▶ **How to complete this task**: Starting at the line with "Compact Stretch High", copy each line through the last one below exactly as written, without any pictures.

Segment Start: Dataset content

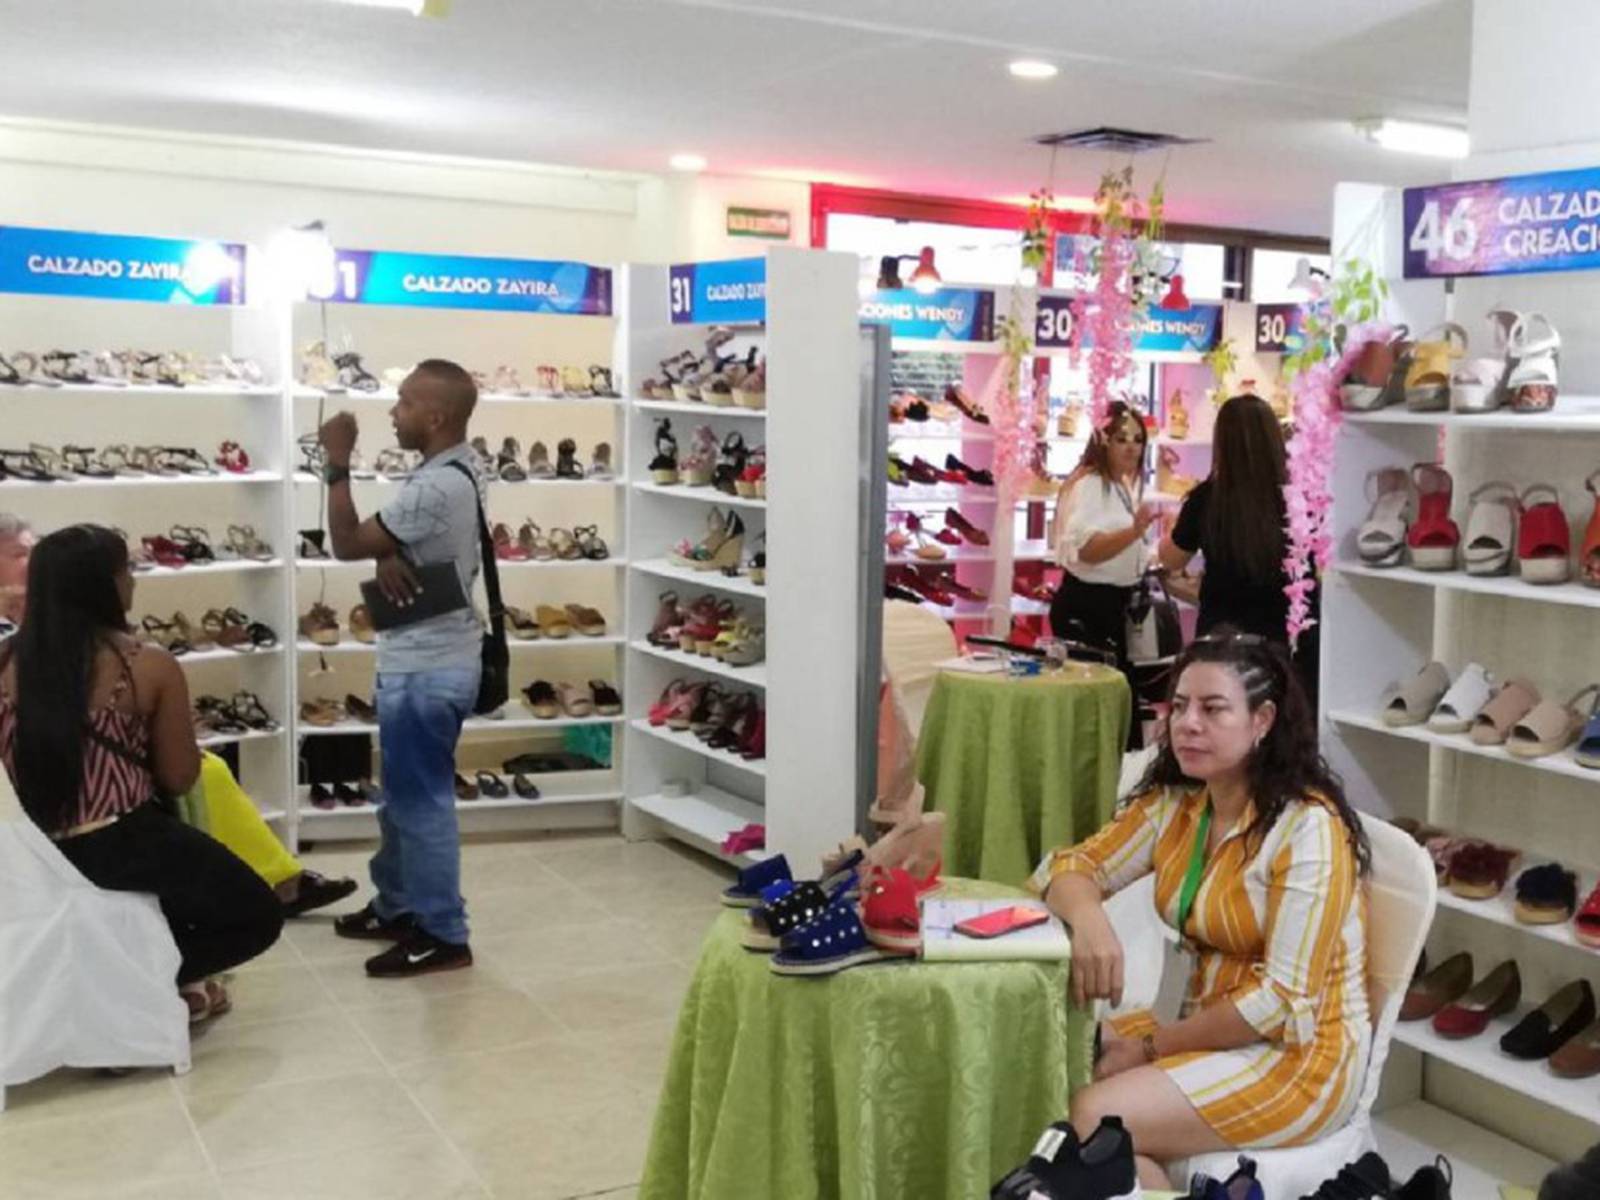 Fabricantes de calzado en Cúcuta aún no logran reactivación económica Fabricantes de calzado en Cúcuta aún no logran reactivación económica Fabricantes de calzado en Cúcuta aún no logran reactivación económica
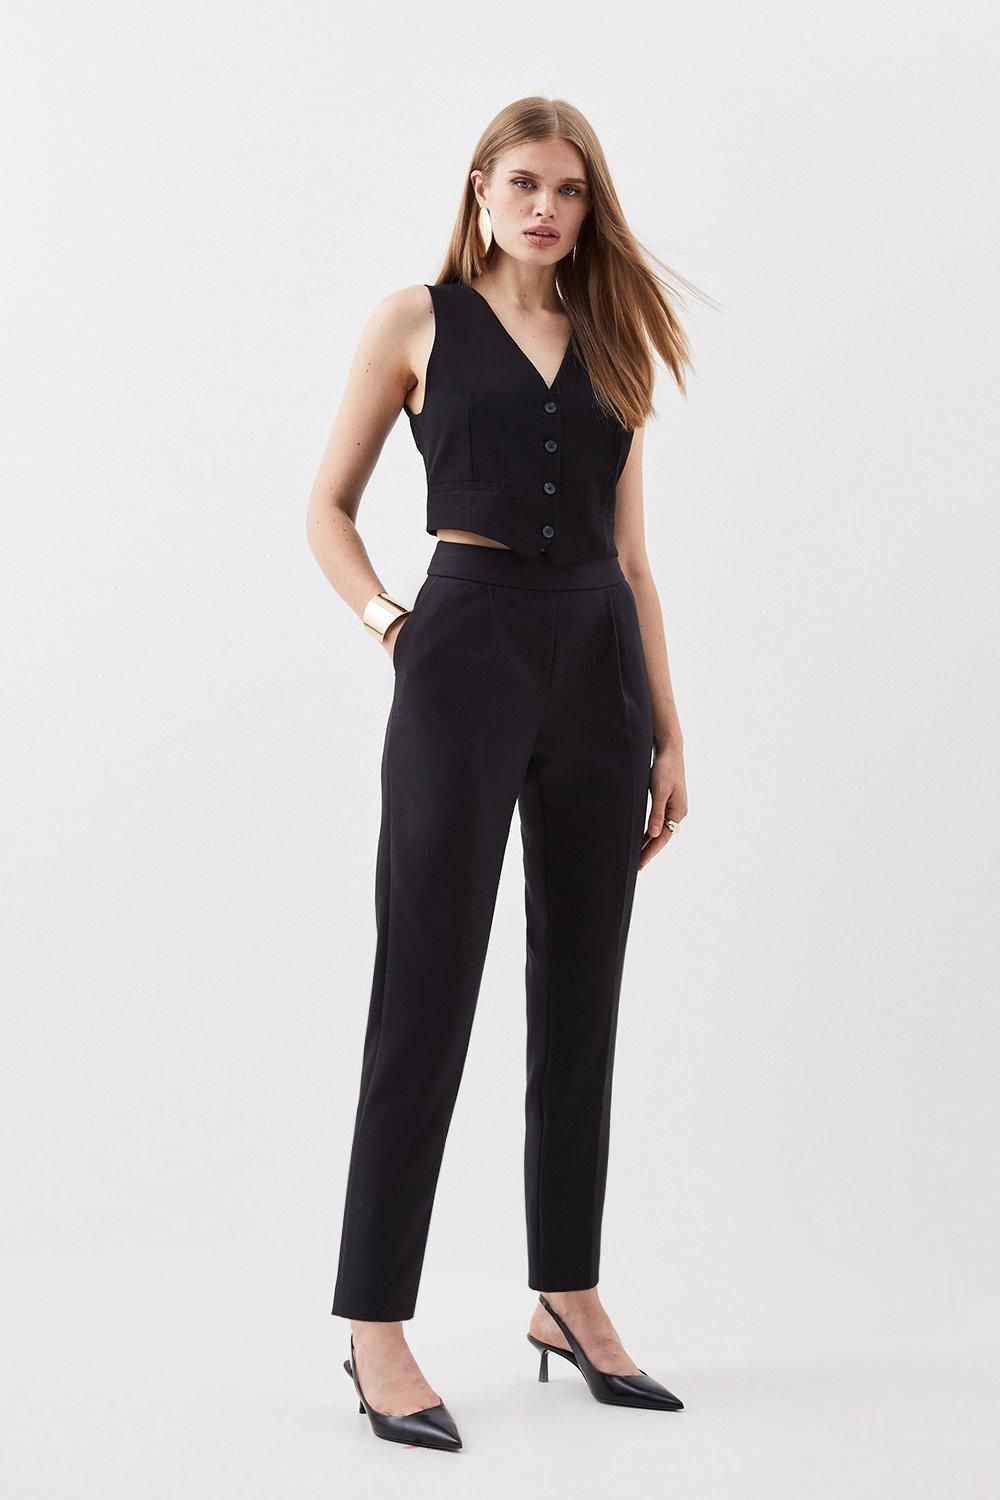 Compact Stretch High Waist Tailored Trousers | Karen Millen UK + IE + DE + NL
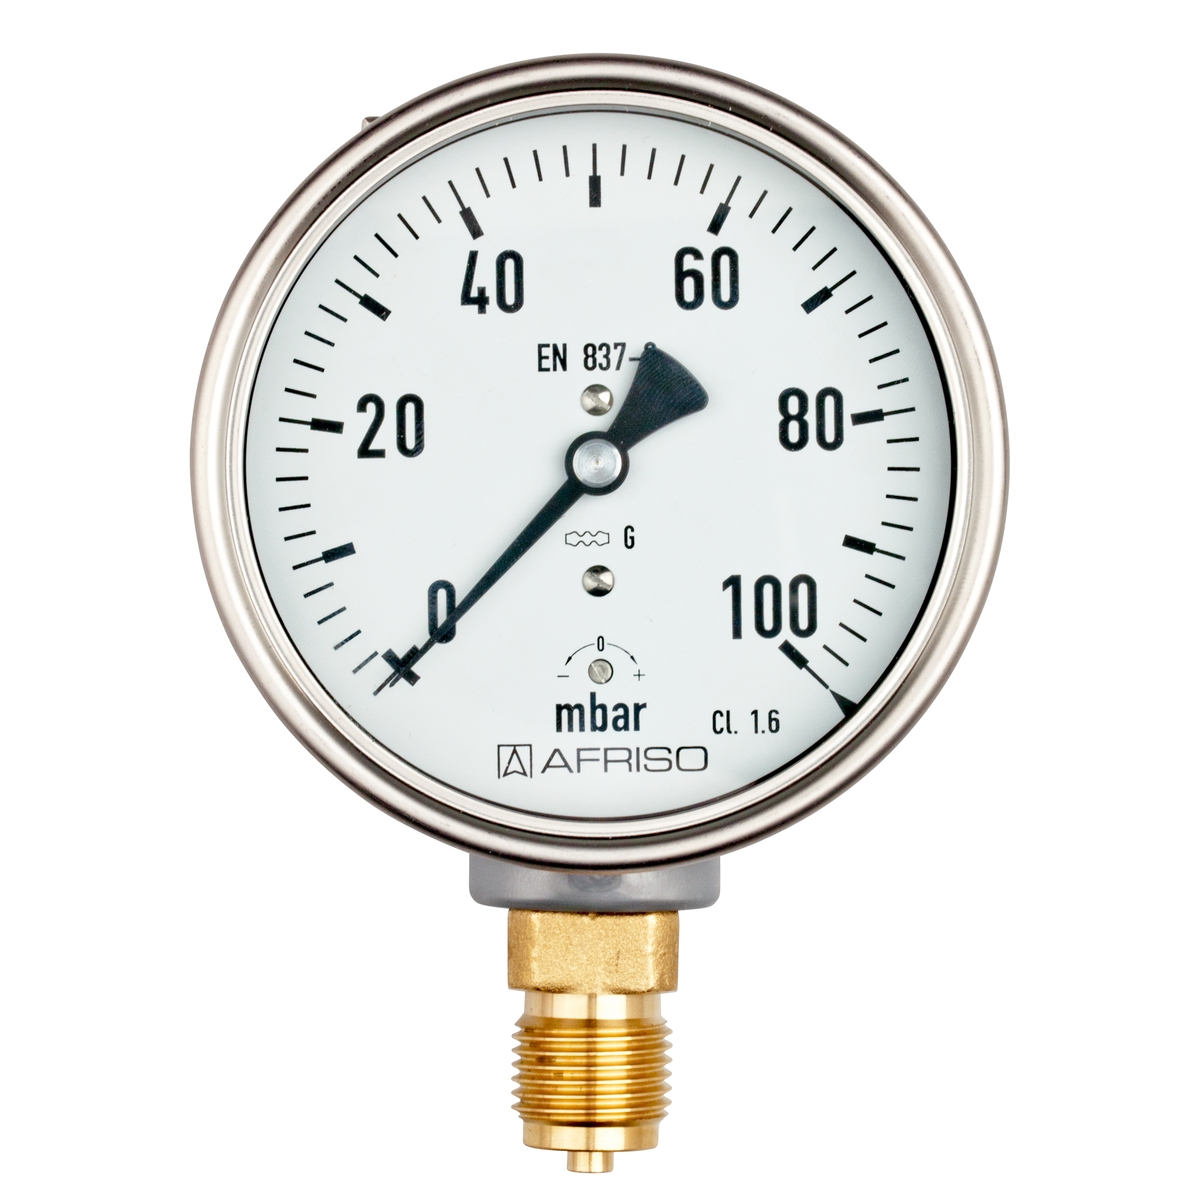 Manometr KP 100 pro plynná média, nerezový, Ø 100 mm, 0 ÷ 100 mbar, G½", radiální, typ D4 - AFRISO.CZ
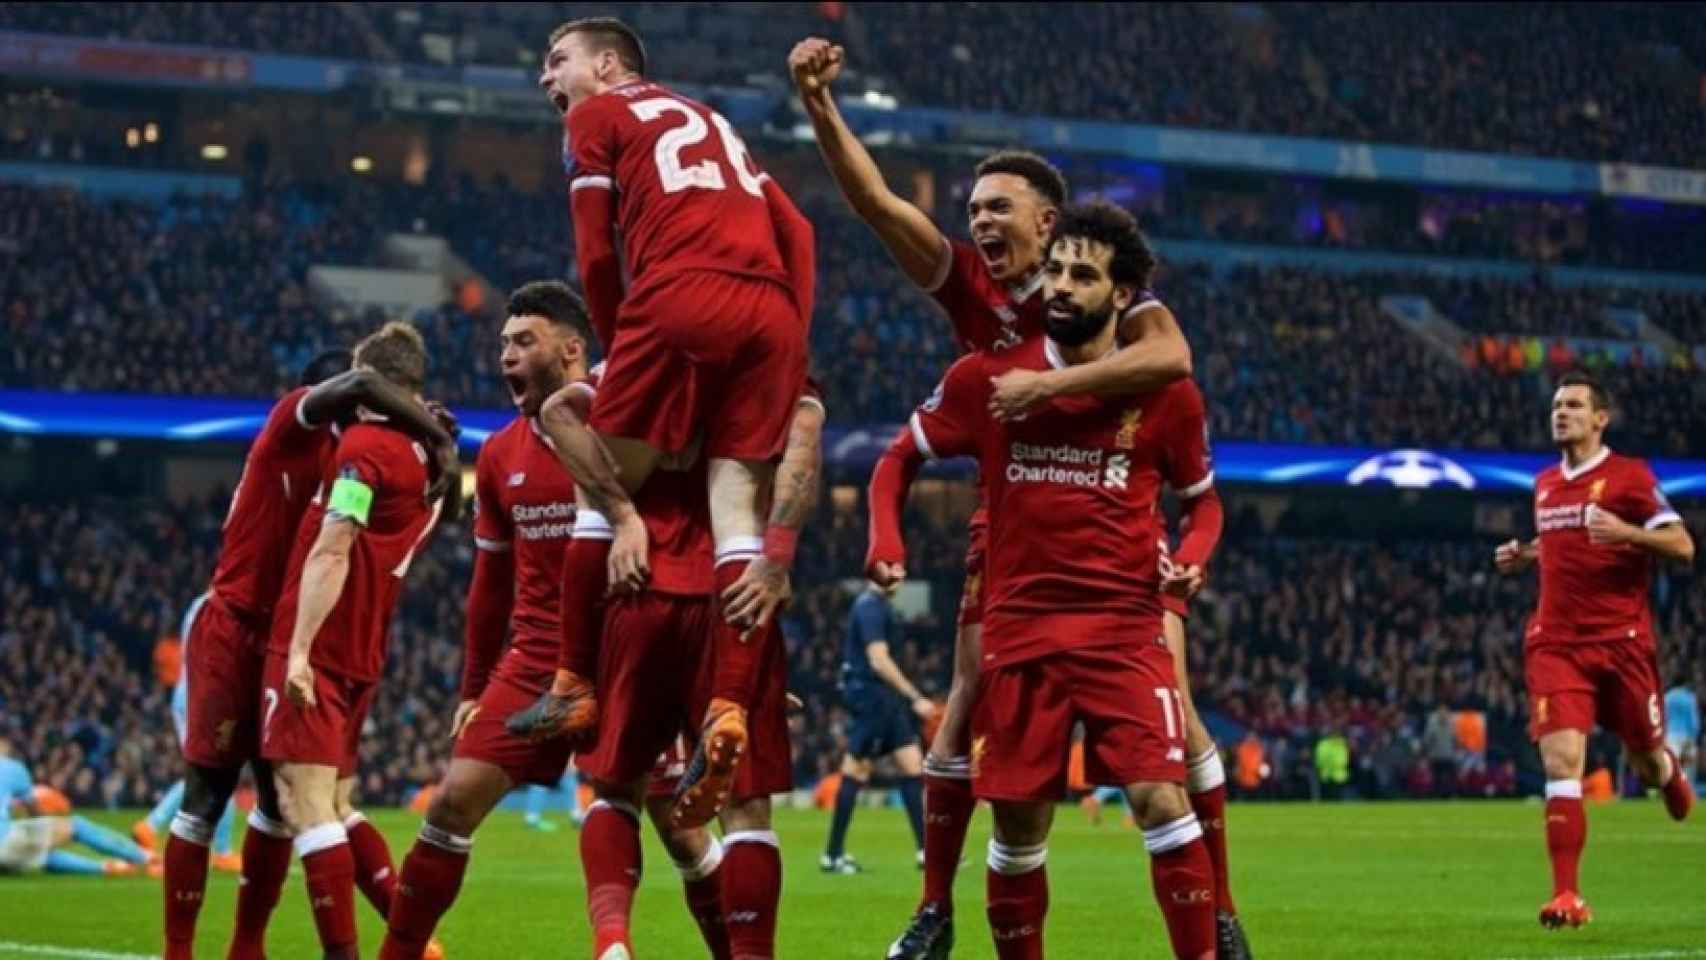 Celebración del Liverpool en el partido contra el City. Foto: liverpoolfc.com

Segment End: Dataset content

▶ **Answer to this task**:
 Compact Stretch High Waist Tailored Trousers | Karen Millen UK + IE + DE + NL
 Manometr KP 100 pro plynná média, nerezový, Ø 100 mm, 0 ÷ 100 mbar, G½", radiální, typ D4 - AFRISO.CZ
 Celebración del Liverpool en el partido contra el City. Foto: liverpoolfc.com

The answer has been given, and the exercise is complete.